Studying these atypical sensory responses could point the way toward reliable biomarkers, researchers say. It might also provide targets for future drug trials.
Reliably perturbed:
In one study, the team looked at brain activity in response to sensory stimuli. A biomarker based on brain activity would be particularly valuable to researchers developing and testing treatments, said presenter Maria Isabel Carreno-Munoz, a postdoctoral researcher in the labs of Graziella Di Cristo and Sarah Lippé at CHU Sainte-Justine Research Center in Montreal.
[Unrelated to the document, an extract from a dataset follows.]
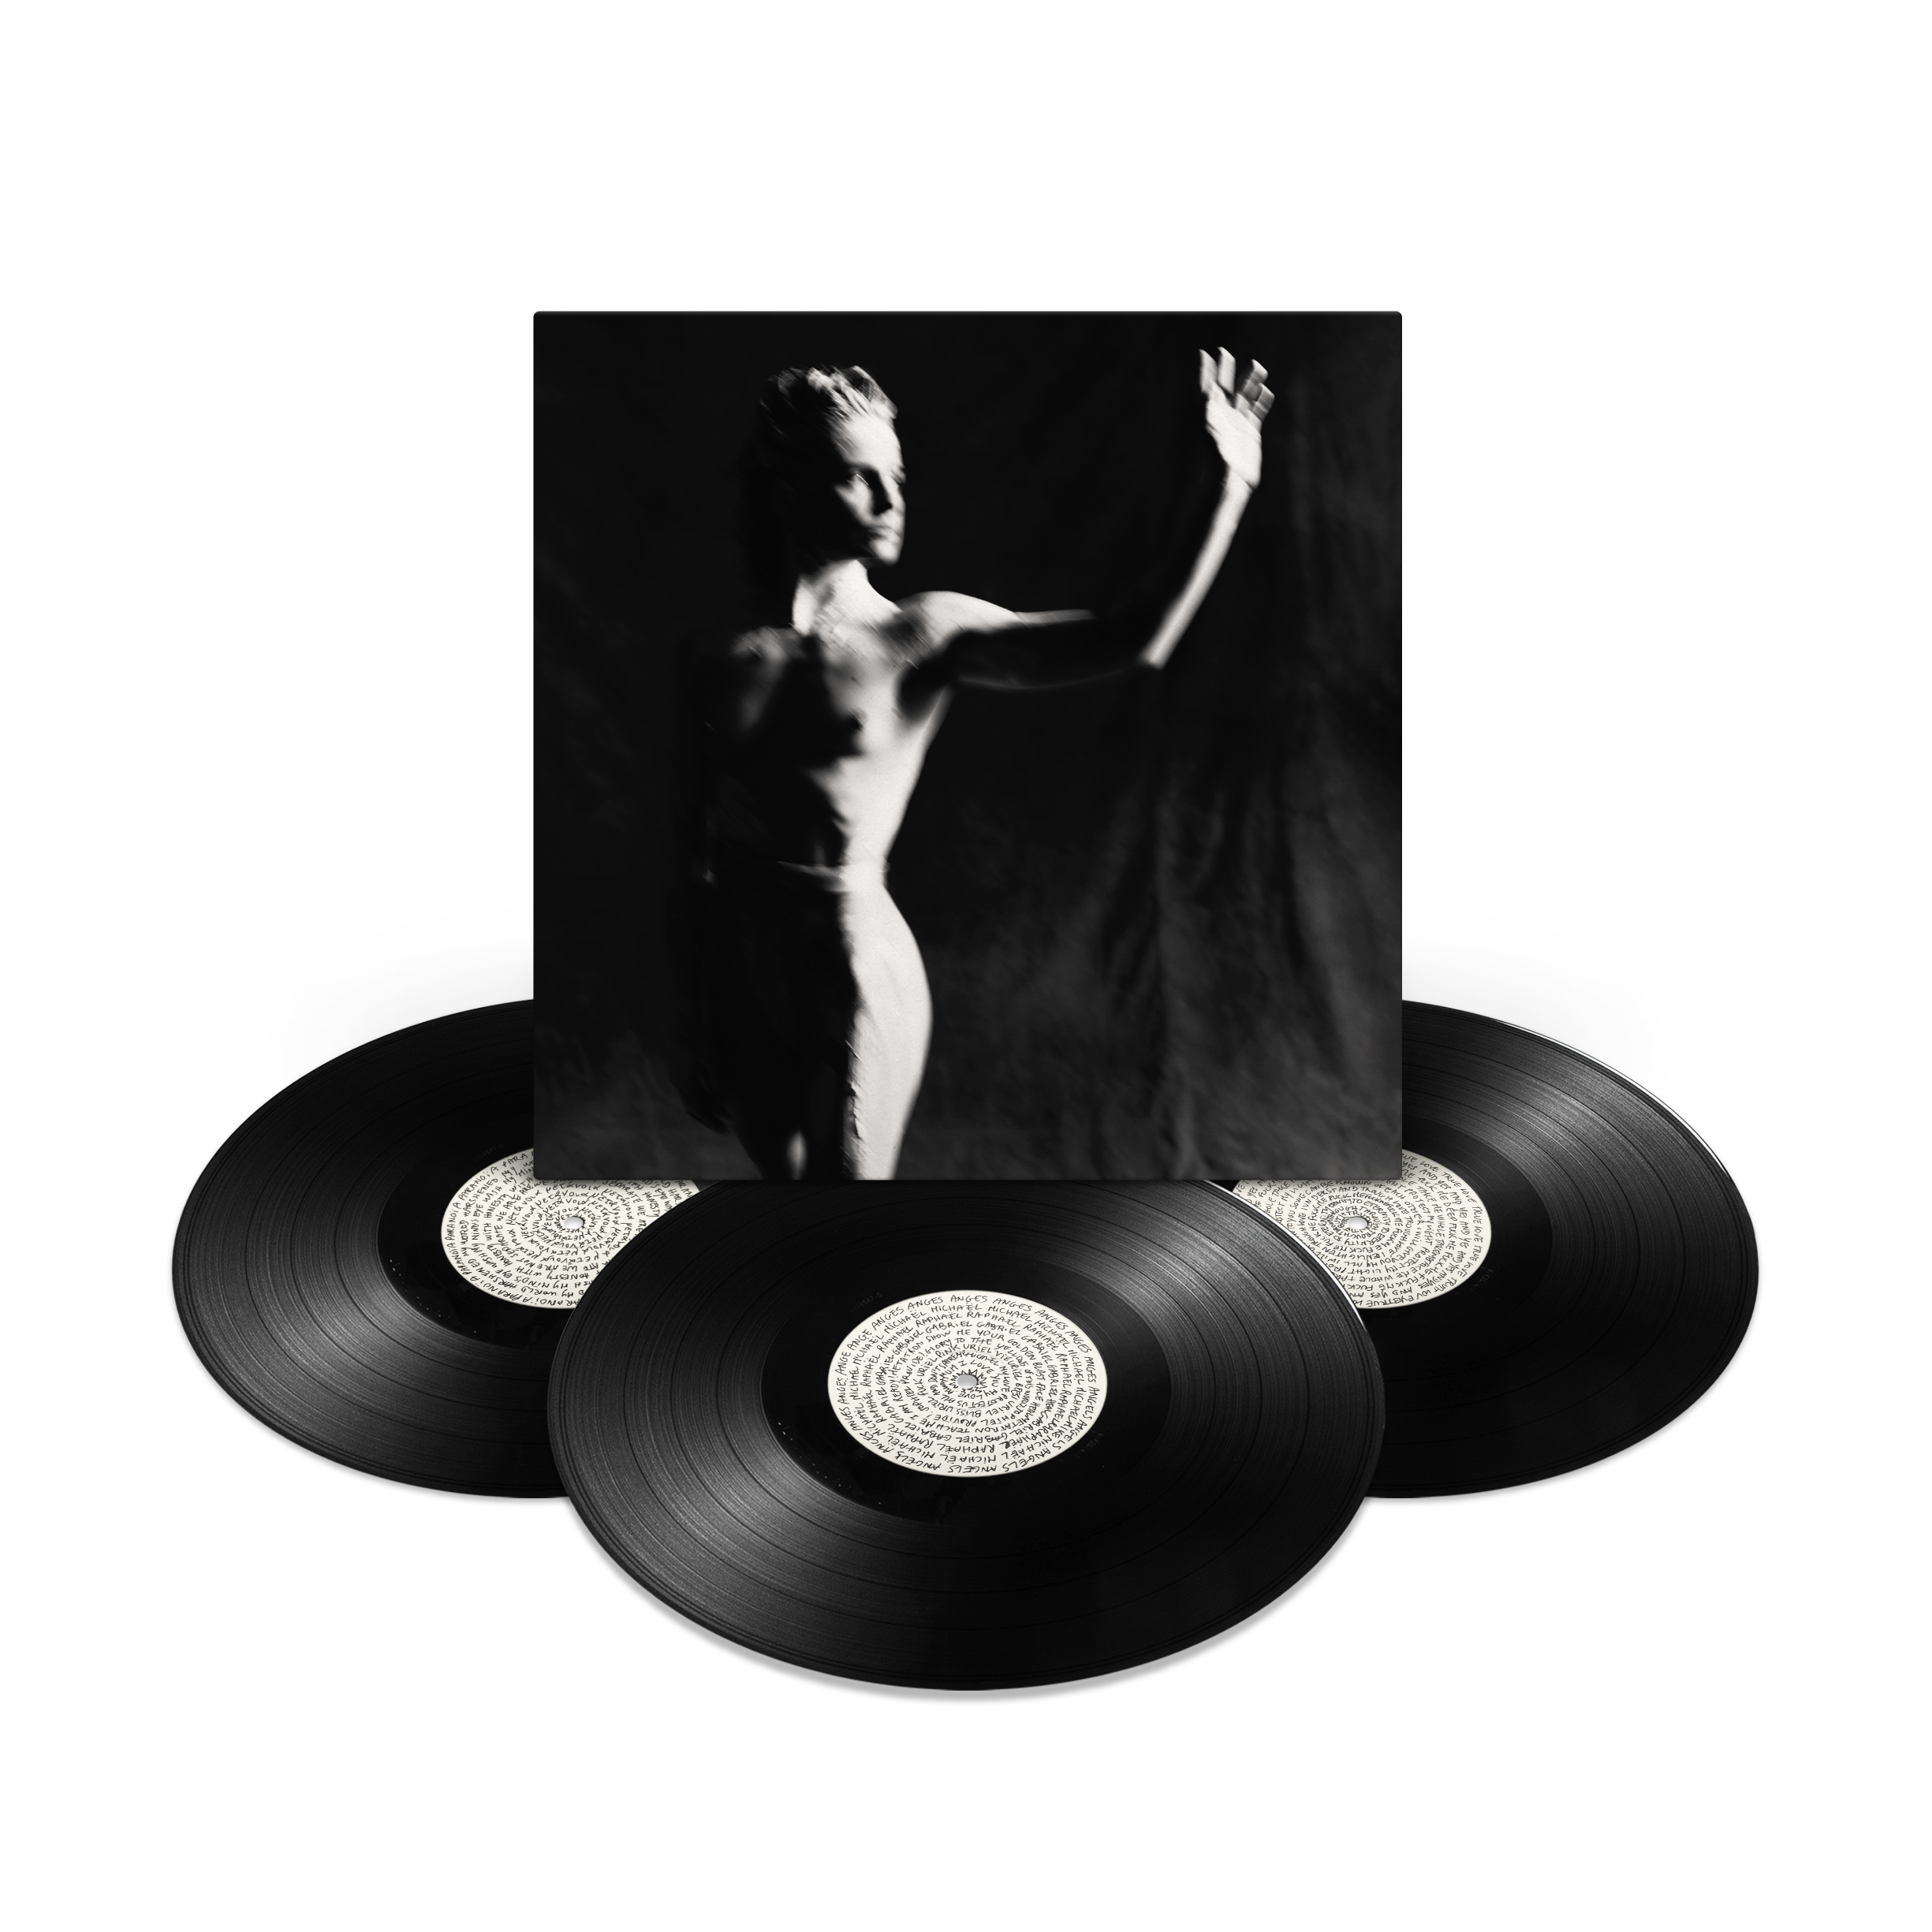 Christine and the Queens - PARANOÏA, ANGELS, TRUE LOVE: 180gm Vinyl 3LP

Carreno-Munoz and her colleagues used electroencephalography to record brain activity in wildtype mice and mice missing a copy of SYNGAP1, as well as in 8 people with SYNGAP1 mutations and 27 aged-matched people without the mutations. Specifically, they recorded responses to visual or auditory stimuli — in the form of pictures or recordings — and focused on three brain regions: the visual cortex, the auditory cortex and the posterior parietal cortex.
Mice and people with one functional copy of SYNGAP1 both showed diminished brain responses to the visual stimuli compared with controls but had opposite reactions to sounds: The mice produced larger-amplitude EEG waves than wildtype mice did, whereas the people produced lower-amplitude waves than controls.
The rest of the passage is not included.